Fleming’s VARK/VAK model
Fleming’s model is the most commonly used learning styles model which incorporates visual, auditory, and tactile (kinesthetic) learning styles. The model is built on the notion that visual learners prefer seeing or rather thinking in visual aids such as diagrams, pictures, overhead slides, and handouts. The model also points that auditory learners only learn best while listening and therefore, information should be imparted to them through auditory means such as discussions, lectures, and audios. The model also puts across that the kinesthetic learners only learn best through experience and should therefore be allowed to engage with the learning environment through experiential means such as touching, doing, and moving. This can be made effective in learning by actively exploring the world through different means such as performing experiments and giving out science projects. The model, therefore, encourages teachers to develop a teaching model that will address the visual learners, kinesthetic learners, and auditory learners in order for the teaching process to be effective. Optionally, students can make use of the model and identify the individual learning style that will help them focus on what can aid in maximizing their educational experience (Gregory & Hammerman, 2008).
Anthony Gregorc’s model
This model focuses on how our mind works with its basis on perceptions; how we evaluate the world in order for us to find sense in what is happening. As Gardne, Jewler, and Barefoot (2008) point out, these perceptions form the foundation of the specific learning strengths or styles that students need. In concrete perceptions, information is registered through the senses while information is registered through abstract perceptions when we understand the quality and concepts of our ideas (Gardne, Jewler &Barefoot, 2008). Sequential learners organize their information logically while random leaner’ information is organized in chunks. According to Gardner, Jewler, & Barefoot (2008), even though both perceptual and ordering abilities are found in all persons, each person has specific dominant ordering abilities and perceptual. For instance, while some people will use their five senses to extract information through aural (listening), visual, and print, others will extract information through olfactory, haptic (grasp or touch), or through interaction. Therefore a person will possess different things that are sensitive to them, different strengths, and different questions during the learning process(Gardne, Jewler &Barefoot, 2008).
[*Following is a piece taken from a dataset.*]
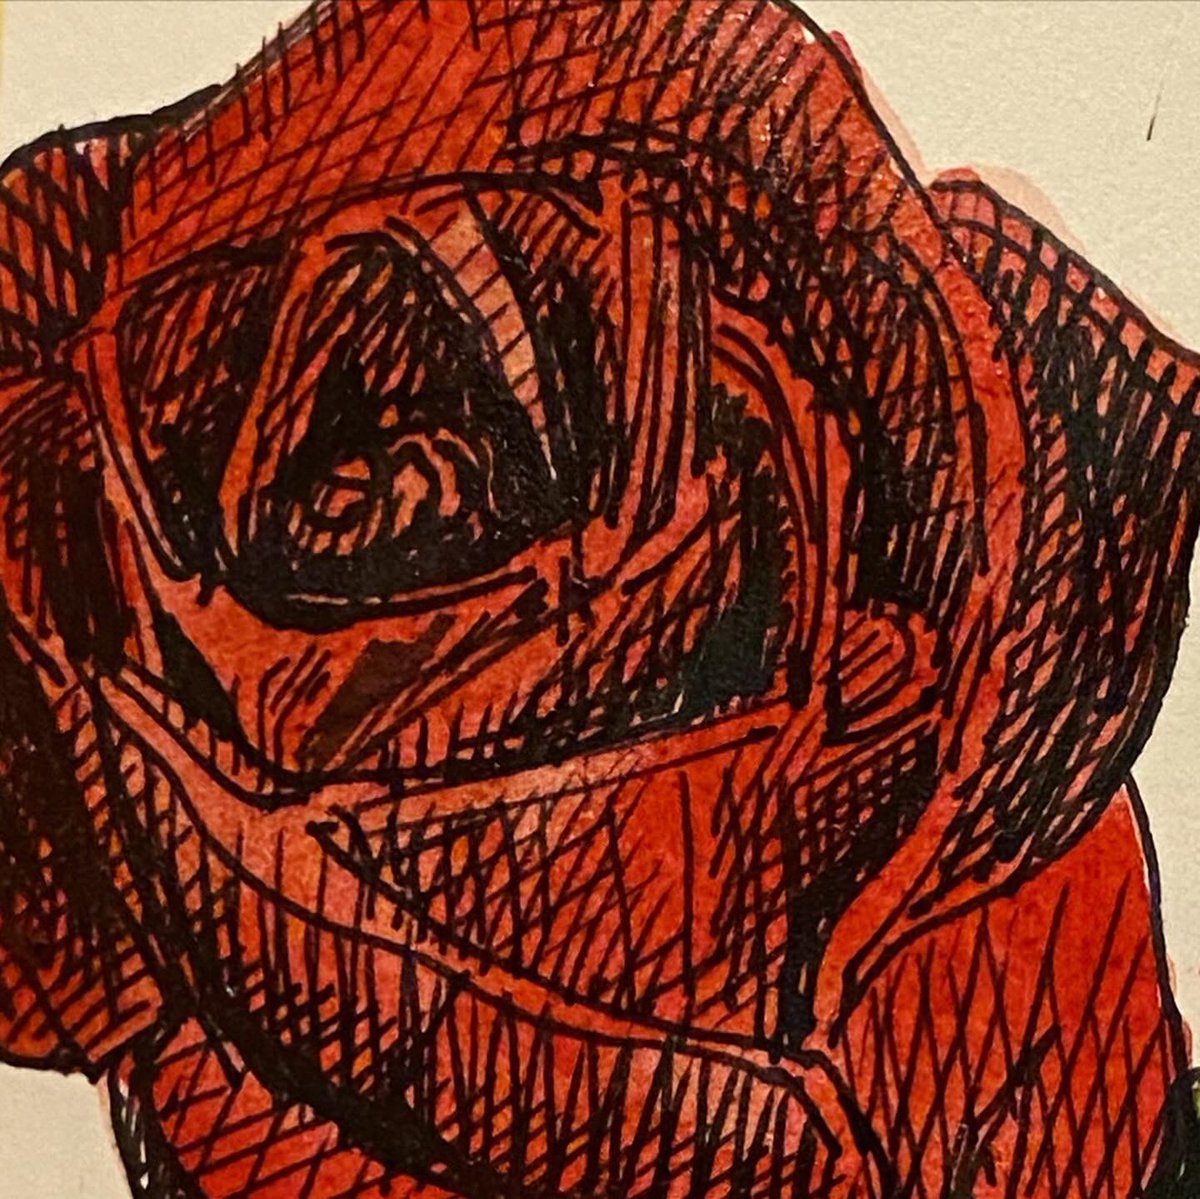 My love is like a red red rose. It had to be a red rose tonight for Robert Burns who was born on this date in 1759. #100flowersin100Days #floralart #100dayproject #createeveryday #lookatthedetails #burnsnight #robertburns #robertburnsnight

According to Hayman-Abello & Warriner (2002), perception learning characteristics shows that students like observations and facts are not comfortable with the symbols, are practical, have an interest in coursework that reflects the real world, like using well-established procedures while solving problems and hate complications or unexpected twists. Stewart & Felicetti (1992) suggests that teachers should therefore use strategic teaching techniques in order to incorporate Gregorc’s model in the learning process and meet the characteristics of perceptual learning. For instance, he points out that teachers should relate the course work to real-world applications, use demonstrations and analogies while illustrating the magnitude of the calculated quantities, balance conceptual information such as mathematical models and theories with concrete information such as demonstrations, physical phenomena description, and problem-solving algorithms.
David Kolb’s model
This model is constructed on the basis of experiential learning theory (ELT) and outlines two interrelated approaches towards learning. Reid (2005) points out that the model’s two approaches in grasping experience (information) include abstract conceptualization and concrete experience. Once the experience is grasped, the experience must be transformed through active experimentation and reflective observation. Reid (2005) also states that as people try using the four approaches, they develop strengths in one transforming experience approach and one grasping experience approach resulting in a combination of four learning styles which include: diverger, assimilator, accommodator, and converger.
Assimilators use reflective observation and abstract conceptualization and hence, they learn well through inductive reasoning and therefore, theoretical models should be used when teaching. Convergers use active experimentation and abstract conceptualization, use deductive reasoning in solving problems, and hence, practical applications should e sued to teach them. Accommodators use active experimentation and concrete experience, are good at interacting with the world, and hence, they should be taught through experimentation. Divergers on the other hand tend to lean through reflective observation and concrete experience whereby they use imagination, come up with ideas, and have different perspectives. Hence, divergers should be taught in a diverse environment where imagination and idea-sharing is encouraged (LSR, 2011)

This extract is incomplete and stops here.